I did not wake Spook. I did not tell her this morning. When I tucked her in, she was actually happy and looking forward to school today. They do this 100th day of school celebration and she hates this place so much, I could not crush her with this heart breaking news, not when she finally found a little moment of hope and happiness. Spook’s pretty detached when it comes to people or cats dying, but she had a very special bond with this dog. I fear how hard she is going to take it when I am forced to break her heart and tell her that her best friend is…gone forever. I am not looking forward to that conversation. I weighed it heavily, for hours, since I could not get my mind to quiet last night, and as much as I try to respect her with the ugly trust and not exclude her even from the sucky parts of life…I just couldn’t. I couldn’t tell her and deal with the fall out. Let her have her fun day at school. One thing life makes plenty of time for is suffering.

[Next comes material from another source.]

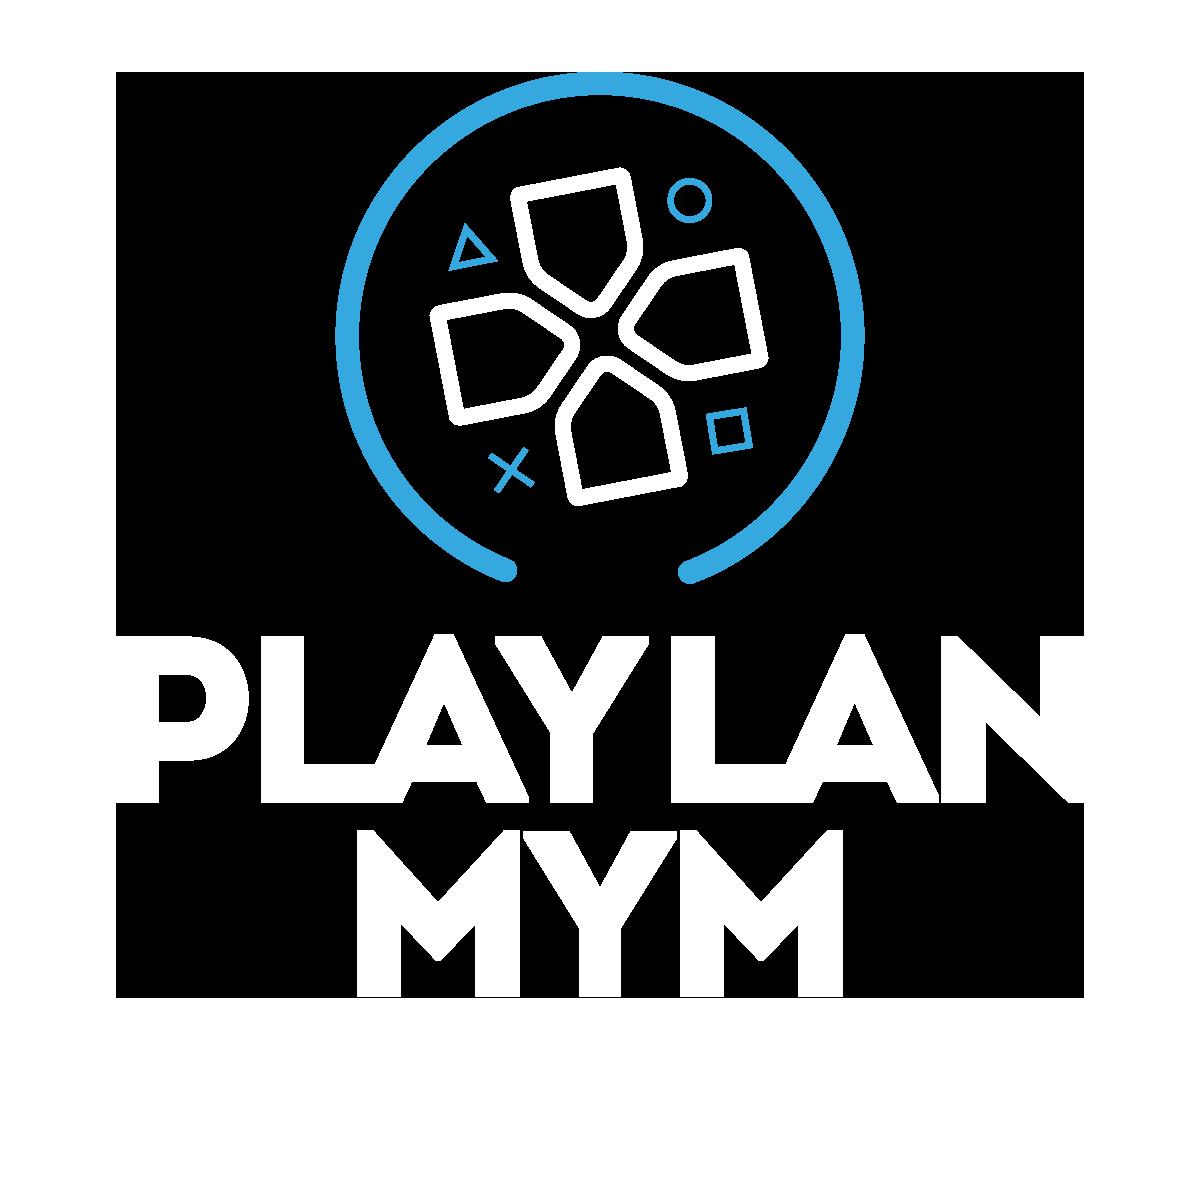 PLAY LAN MYM | La mejor tienda de juegos digitales :)

I should be in town paying the rent. Once again, I find myself addled with cramps and a low mood but nerves so jumpy it’s like my own brain has a taser it keeps poking me with. Let the landlord come to the door, let him evict us. I am just so damned exhausted. I am not up to a trip to town. Maybe tomorrow. Which is what I’ve said for three days. Would have been much easier if I could have paid it Thursday when we were in town but noo, paying a day early confuses the landlord on the dates and it becomes this whole debacle so I try to only pay on the first, never before. Unfortunately, battling my current shaky mental state, this often leads to me not paying til the 4th or 5th. He’s not said anything nor does he charge more than a buck a day after the tenth, but it bothers me. I was always on time or early with the trailer park slumlord. (He apparently says NONE of us there paid rent on time, which how can people not wonder why we were allowed to remain there for ten years if we didn’t pay???Idiot negates his own argument.)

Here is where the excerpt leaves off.